U.S. Deputy Treasury Secretary Wally Adeyemo speaks at the Royal United Services Institute in London

By Andrea Shalal

NEW YORK (Reuters) - U.S. Deputy Secretary Wally Adeyemo on Thursday said the Group of Seven-led coalition that imposed a price cap on Russian oil last December was shifting its focus from reducing Russian revenues to raising Moscow's cost of shipping its oil.

Adeyemo told the Reuters NEXT conference in New York that Russia's investment in a shadow fleet of tankers to carry its oil and the accompanying insurance was cutting into Moscow's profits and reducing its ability to fund its war in Ukraine.

"We want to make sure that Russia has as little income as possible that they can use to fund their illegitimate war in Ukraine," he said, citing outside estimates that the price cap had added up to $35 per barrel to Russia's costs in addition to reducing its revenues by 40% to 50%.
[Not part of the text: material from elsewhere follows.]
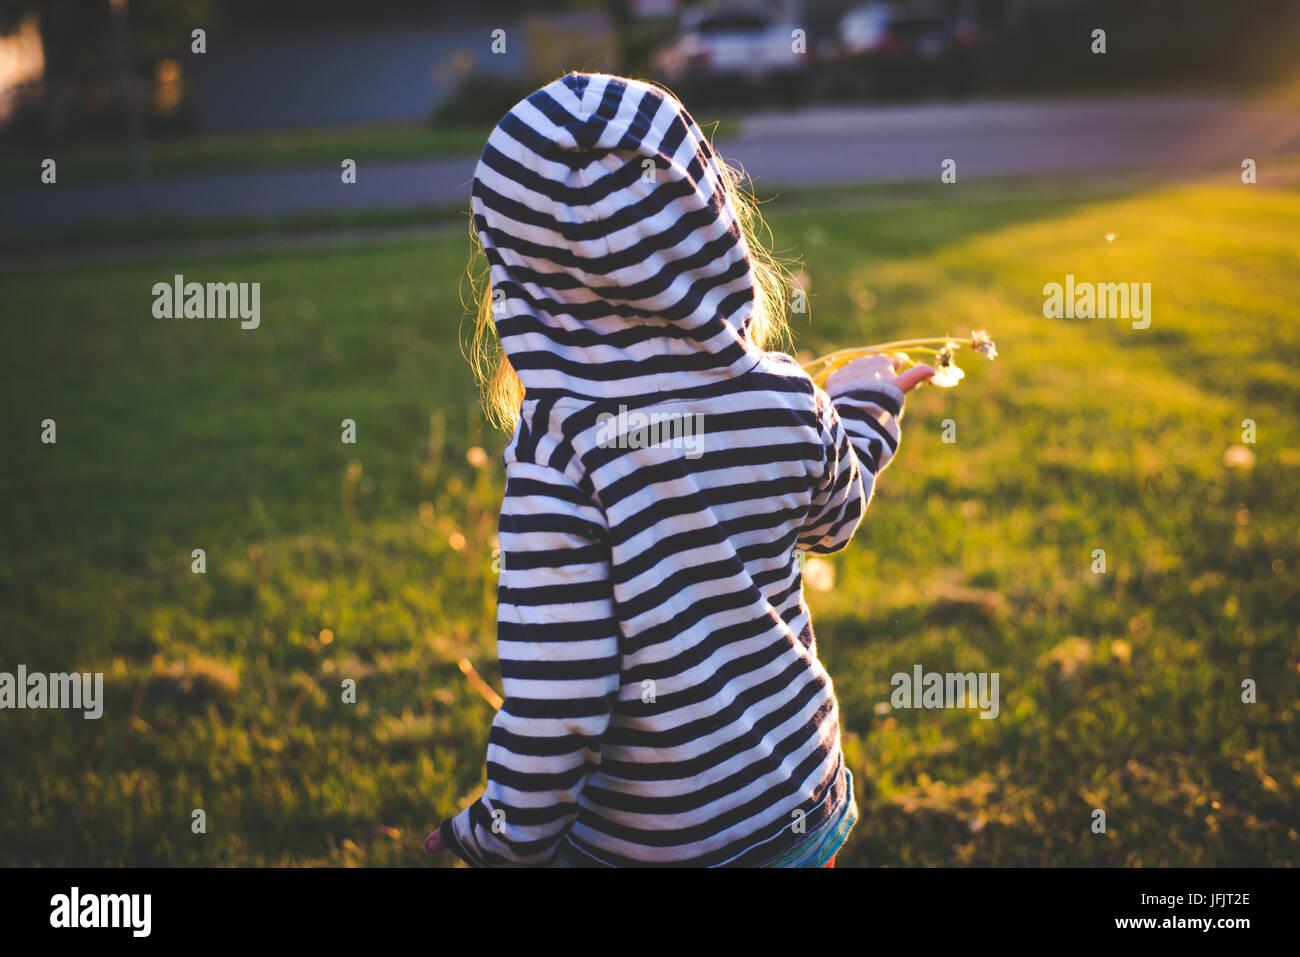 Um escorregador detém uma dandelion na luz solar com a criança em pé de costas para a câmera. Imagens de Stock

"From my standpoint, them buying these tankers and spending money on tankers was far better than spending money on tanks," he said. "So now Russia owns a series of inadequate tankers that are on the ocean, trying to move their oil with their insurance, and our goal is going from just being focused on their revenue - which was the $60 price cap - to being focused on their costs."

Reuters reported last month that Russian crude oil producers are enjoying the cheapest costs to ship to refiners in China and India in almost a year thanks to a growing number of vessels plying the routes.

The arrival of new shippers working outside the purview of Western governments allows Russian firms to earn more than the $60 per barrel cap that the U.S. and its allies had aimed to impose on Russia through sanctions. It also means that enforcing the price cap will have limited impact on Russian revenues.

G7 countries and Australia imposed sanctions in December 2022 that prohibit shippers or insurers domiciled in member countries from offering services to facilitate Russian oil exports when the price is above $60 a barrel. The sanctions do not apply to shipping companies or insurers from other countries, regardless of the price.

Adeyemo said the price cap had driven Russia's costs up significantly because it now had to ship oil over longer distances, and had been forced to build up its own ecosystem that did not benefit from economies of scale enjoyed by Western countries.

"What we're focused on now is making sure that we enforce the price cap as it exists, but also that we take additional steps to increase costs to Russia in order to make sure that they have less income to fund their illegitimate war," he said.

He gave no further details on what steps could be taken to increase Russia's costs.